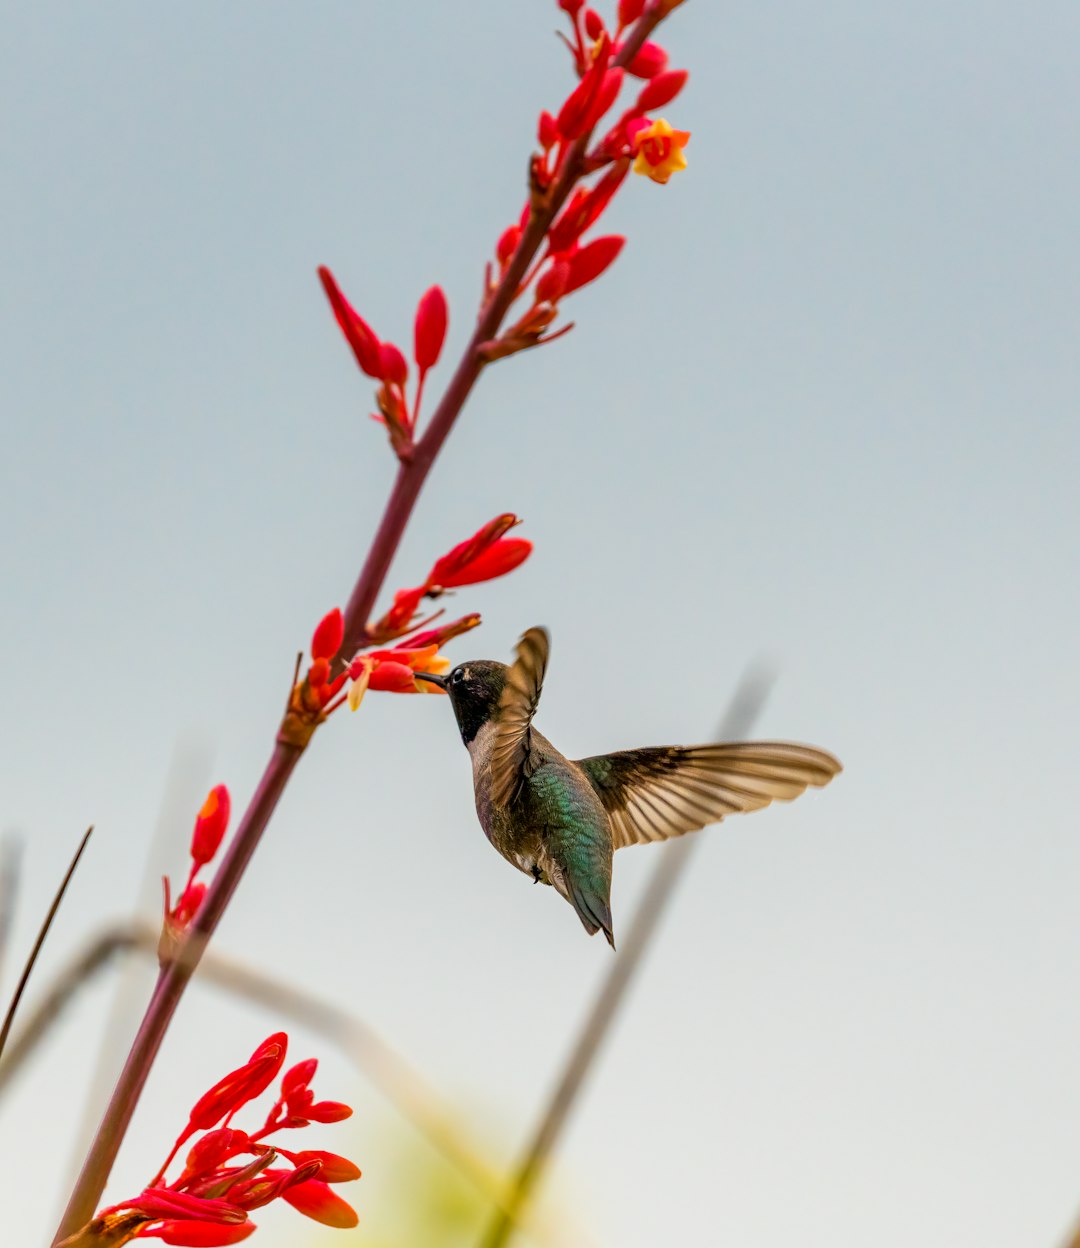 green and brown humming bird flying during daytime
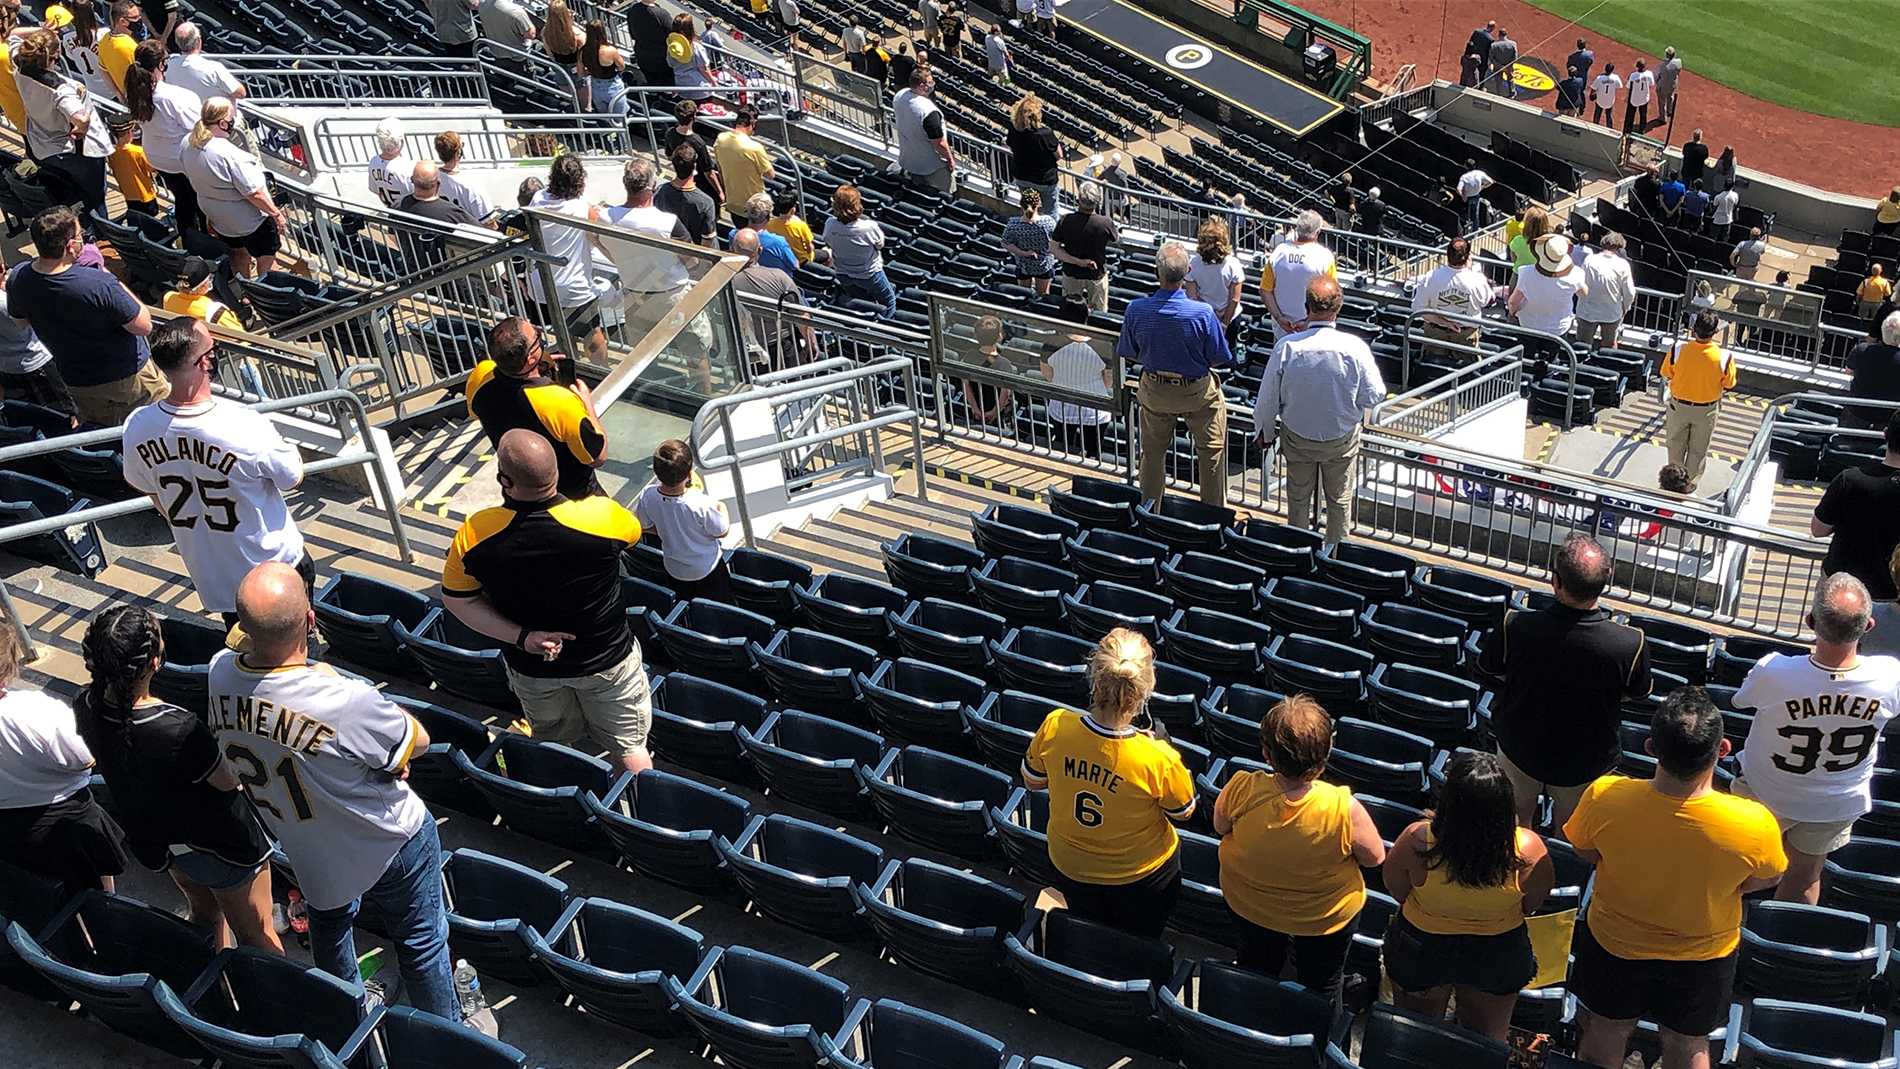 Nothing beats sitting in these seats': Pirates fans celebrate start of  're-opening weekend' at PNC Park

====================

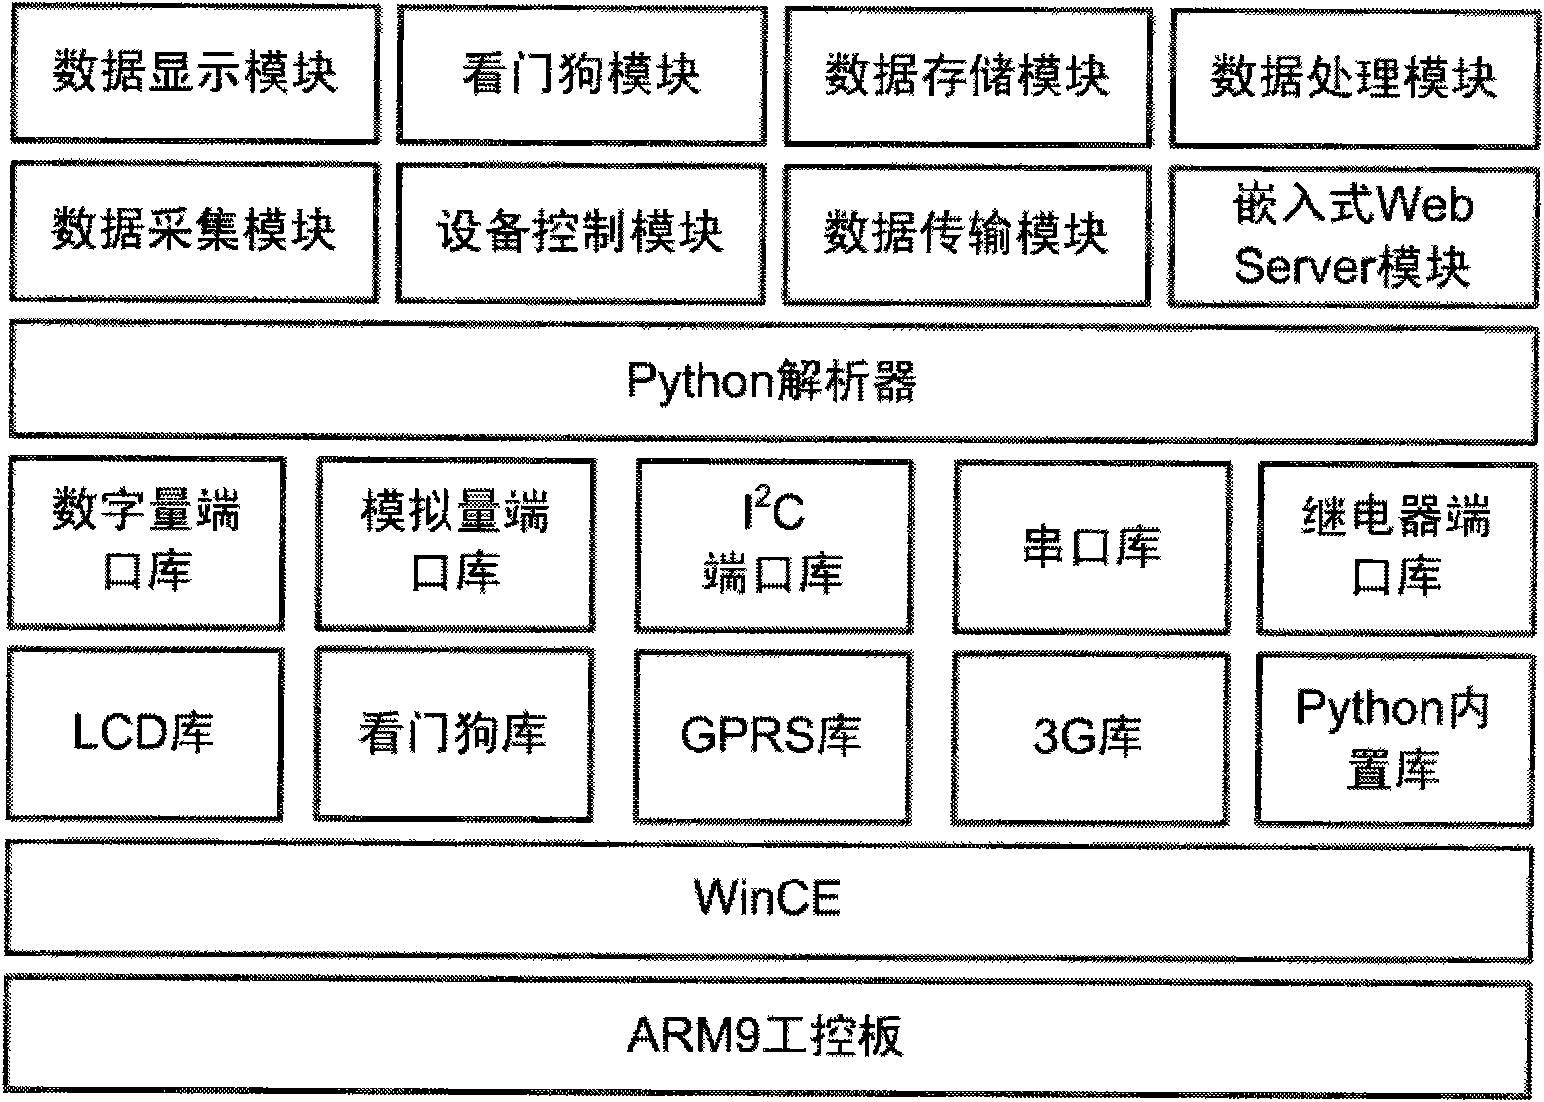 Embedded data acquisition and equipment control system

====================

**The task:** Print, exactly, each line above from the one with "green and brown" to the one with "Nothing beats sitting", end lines included. Leave pictures out of it.

**Response area:**
 green and brown humming bird flying during daytime
 Nothing beats sitting in these seats': Pirates fans celebrate start of  're-opening weekend' at PNC Park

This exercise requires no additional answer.